Suddenly the door burst open and Reverend Hammond’s voice trailed off in surprise. There was little that could silence the good Reverend so every head in the congregation turned to the door to see what kind of demon stood there. Rita craned her neck, then nudged Maddie urgently. Mrs Megalith paused a moment at the entrance while the fresh coastal wind blew in and caused her long blue dress to billow about her ankles. She sniffed as her moonstone eyes surveyed the scene before her. It had been years, literally, since she had last been to church, but only a matter of weeks since she had last clashed with Reverend Hammond over the corruption of the word of God by organized religion. Reverend Hammond found he could not continue. Mrs Megalith had reduced him to a gasping fish floundering on a riverbank.
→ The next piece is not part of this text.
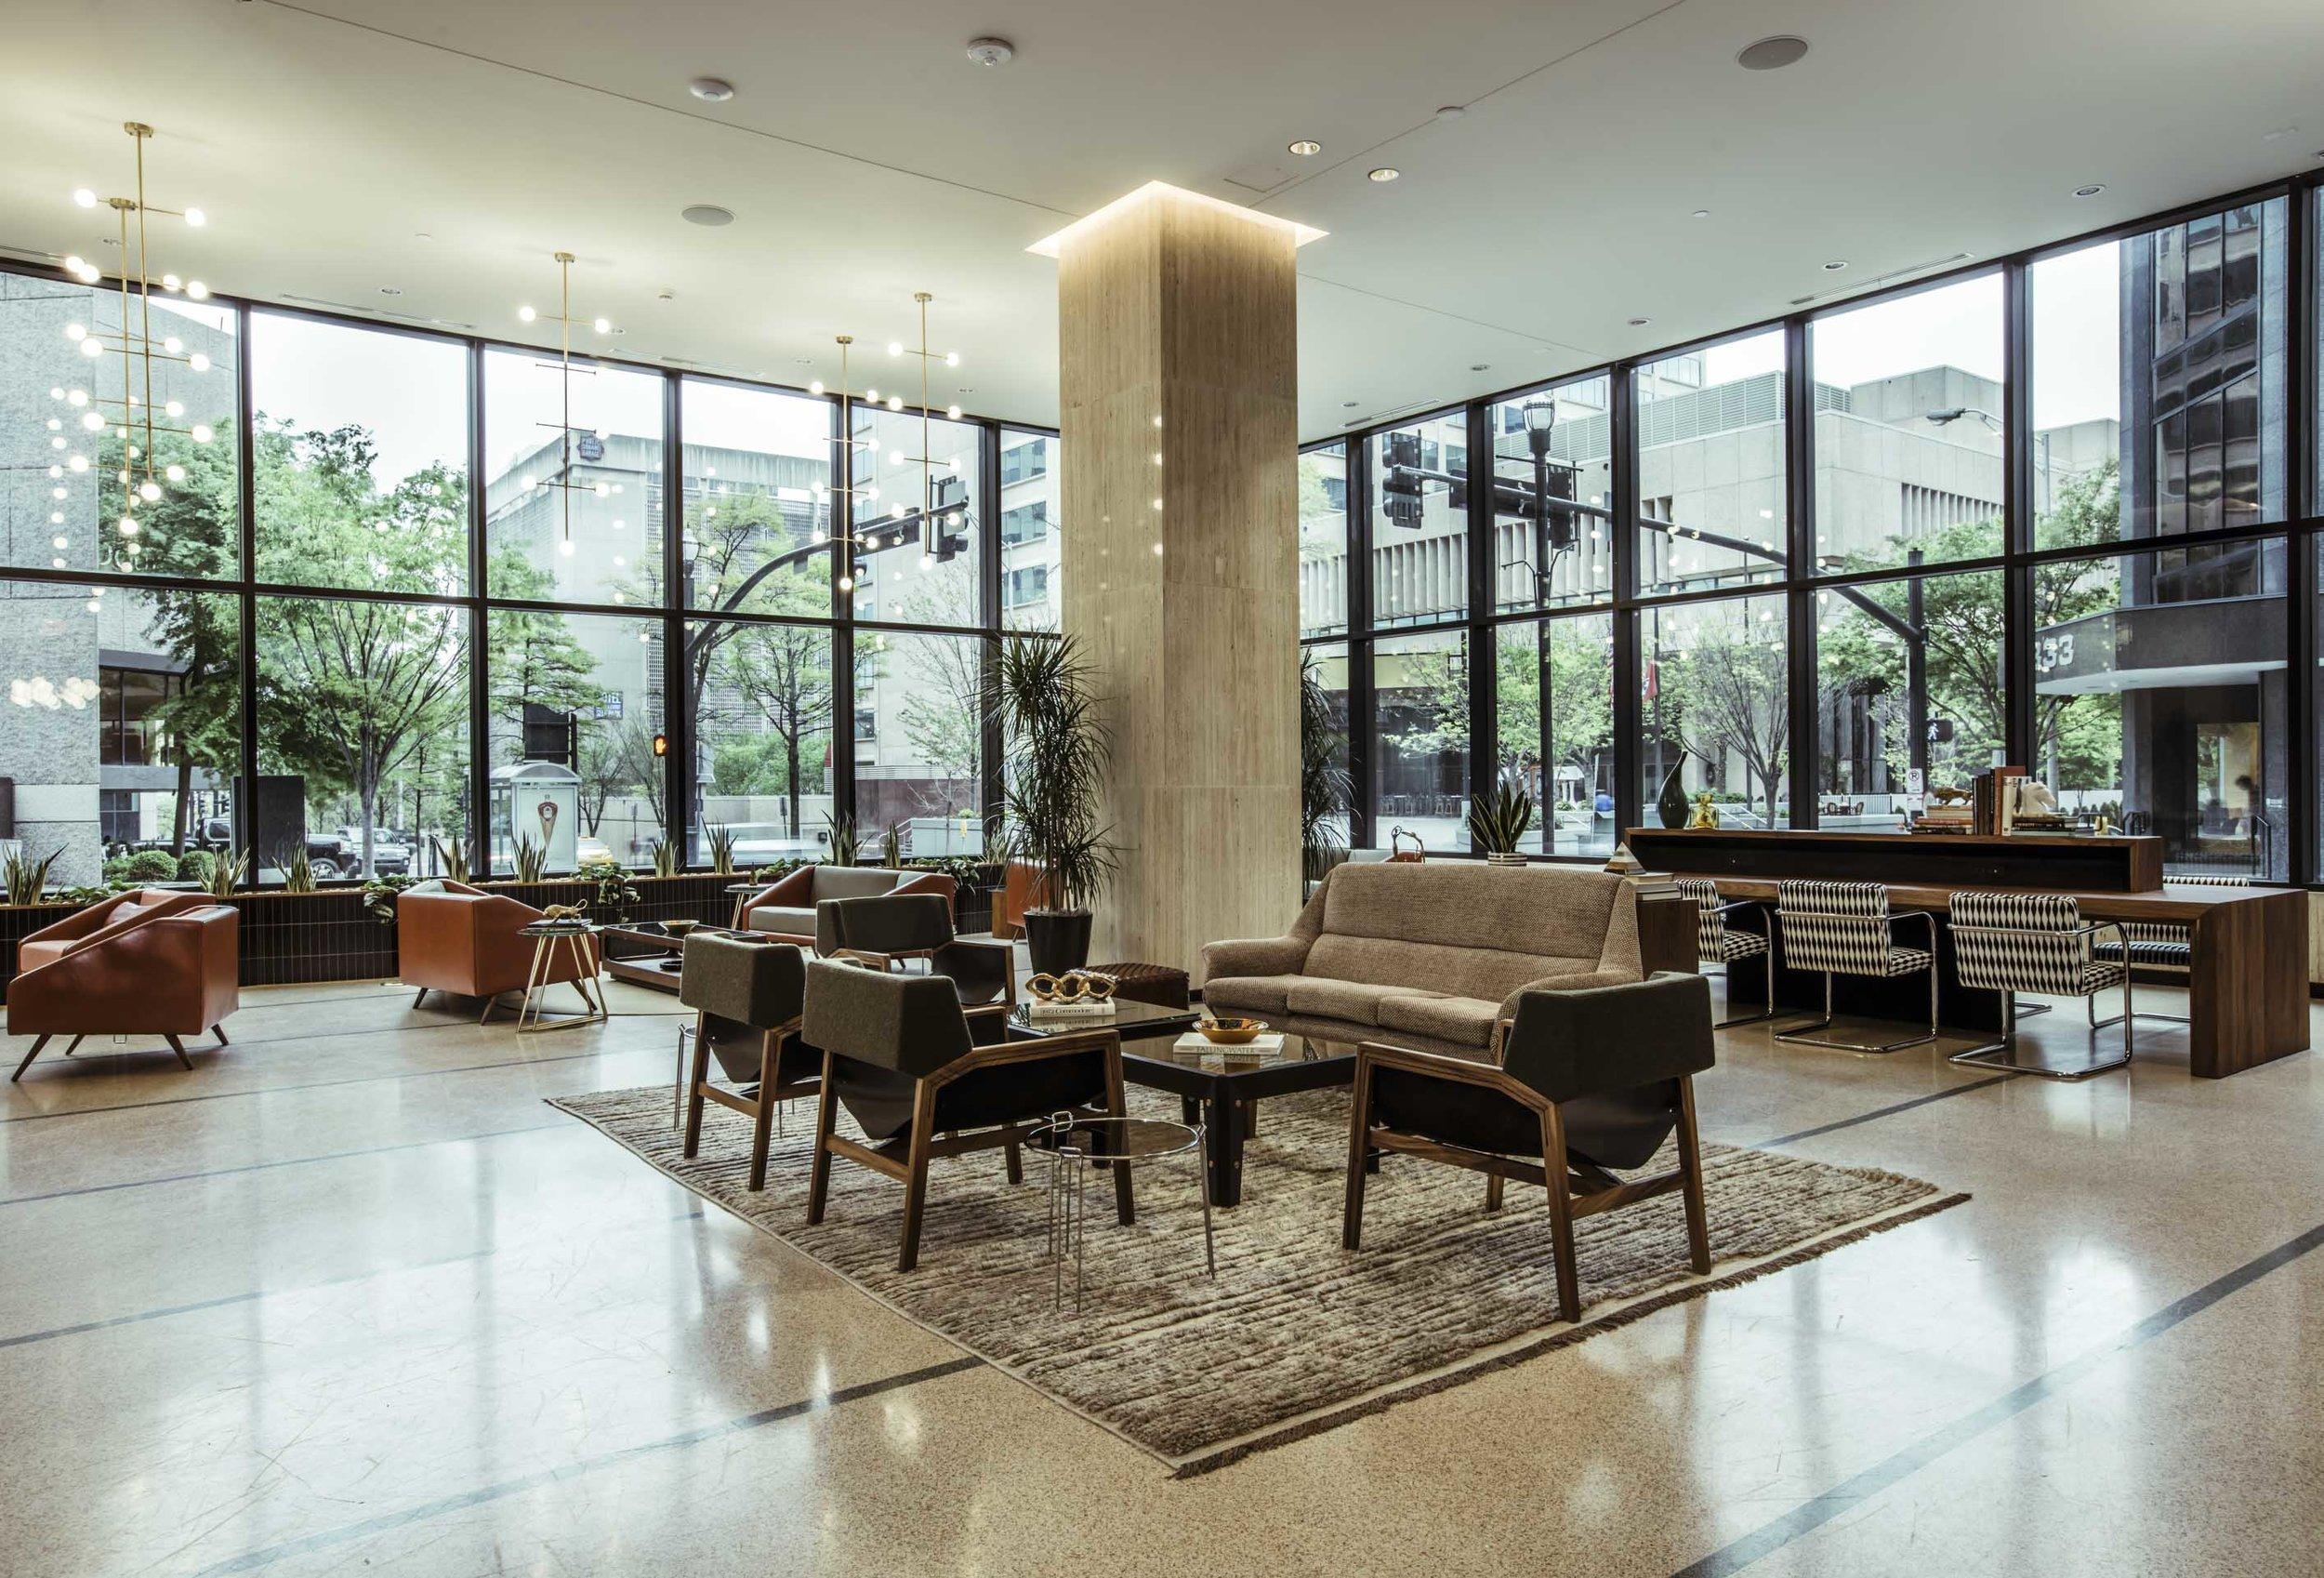 FAIRLANE HOTEL ARCHITECTURE WEB RES-1.jpg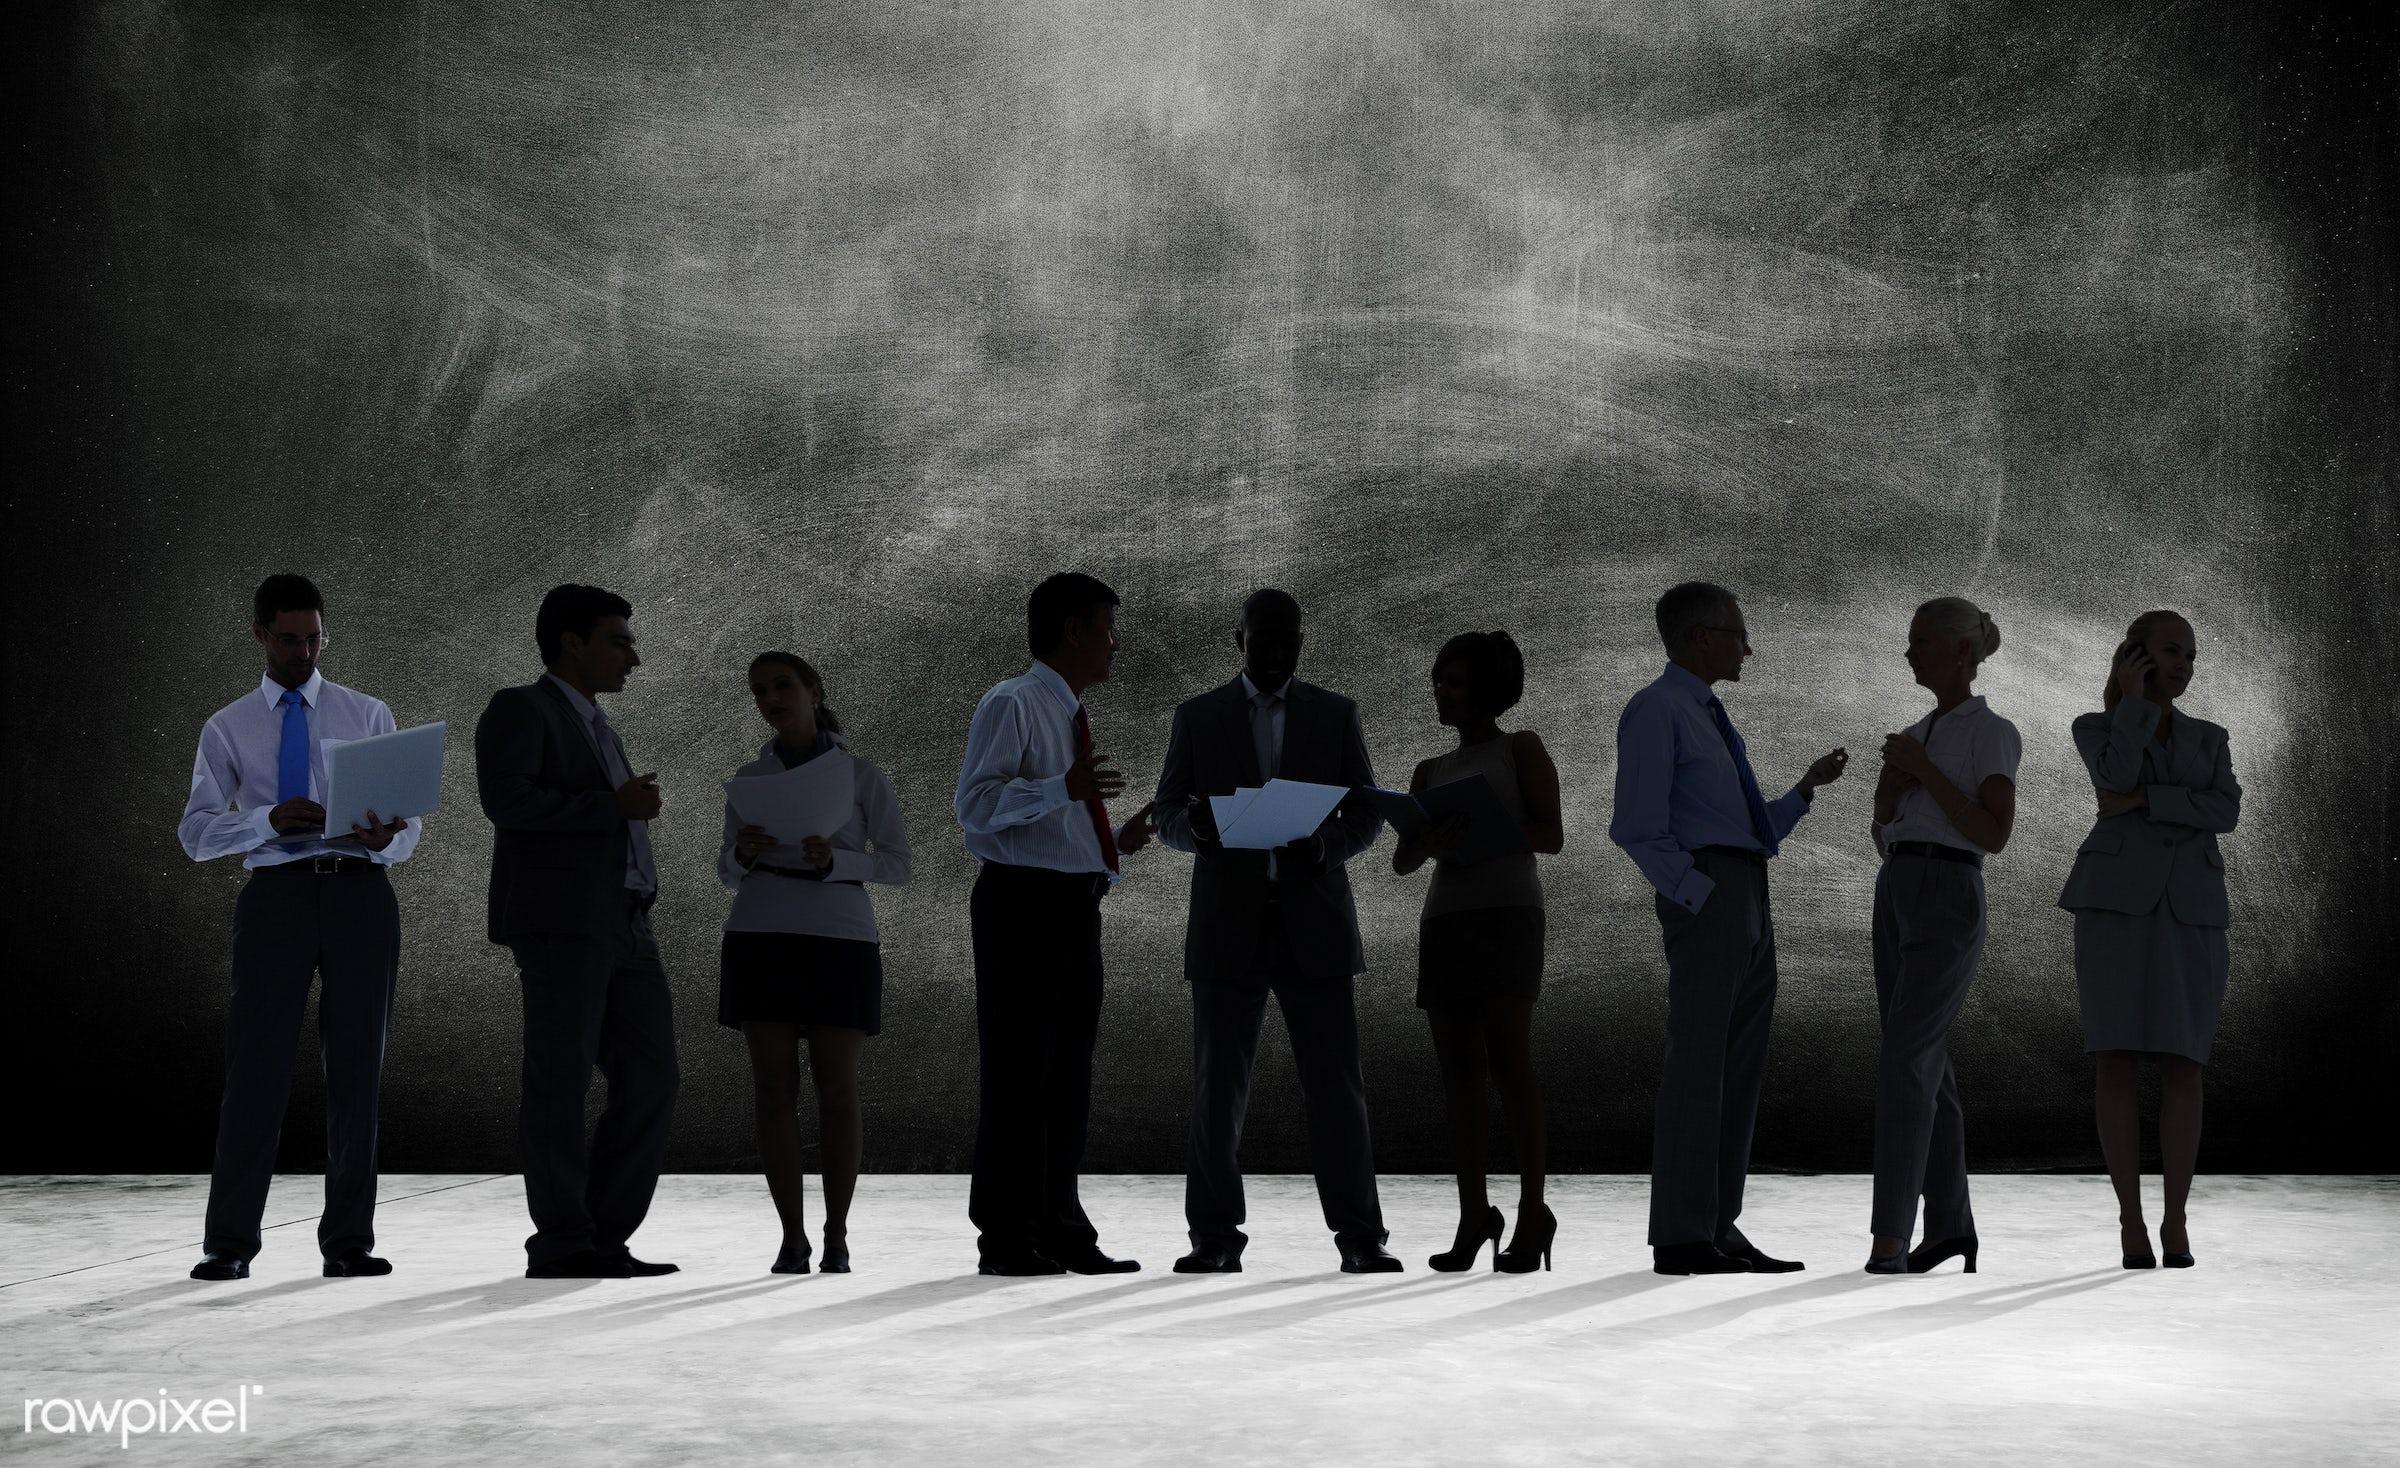 blackboard, blank, business, business people, businessmen, businesswomen, colleagues, communication, connection,...

She proceeded to walk up the aisle, slow and stately, the tapping of her stick echoing ominously off the walls. No one spoke. Only Eddie giggled mischievously into her hand to be silenced by a sharp nudge from her mother. Hannah was aghast. Megagran was famous for hating church, the vicar and for finding the very institution of religion dogmatic, not to say mercenary. She claimed she felt the presence of God in her garden and didn’t need to pay good money for the privilege of sitting in His house and hearing the vicar speak of Him as if he knew Him more intimately than anyone else. ‘It’s a bloody con,’ she would say. ‘If people knew they could talk to Him in the comfort of their own kitchens they wouldn’t bother going to church and listening to that old bore lecture them about suffering.’ Now Hannah cringed as her mother forced them all to squeeze together so that she could sit at the end of the pew. Reverend Hammond watched the large crystals around her neck glitter as they caught the light and nervously fingered the simple cross that hung about his own. He seemed to have shrunk and, when he finally managed to speak, his voice was little more than a croak.

‘We are
all
welcome here in God’s house,’ he began and tried to ignore the loud ‘tut’ from Mrs Megalith and the challenging expression in her eyes. Hannah wondered what on earth had possessed her mother to come. What’s more, thanks to her, they were all exceedingly uncomfortable squashed together like cans on the kitchen shelf. ‘Let us sing hymn number three hundred and twenty-five,
I Vow To Thee My Country
.’ The congregation rose to its feet and sang in hearty voices the hymn they all knew and loved so well. Reverend Hammond was only too happy to hand the service over to Miss Hogmier and her uncertain organ playing.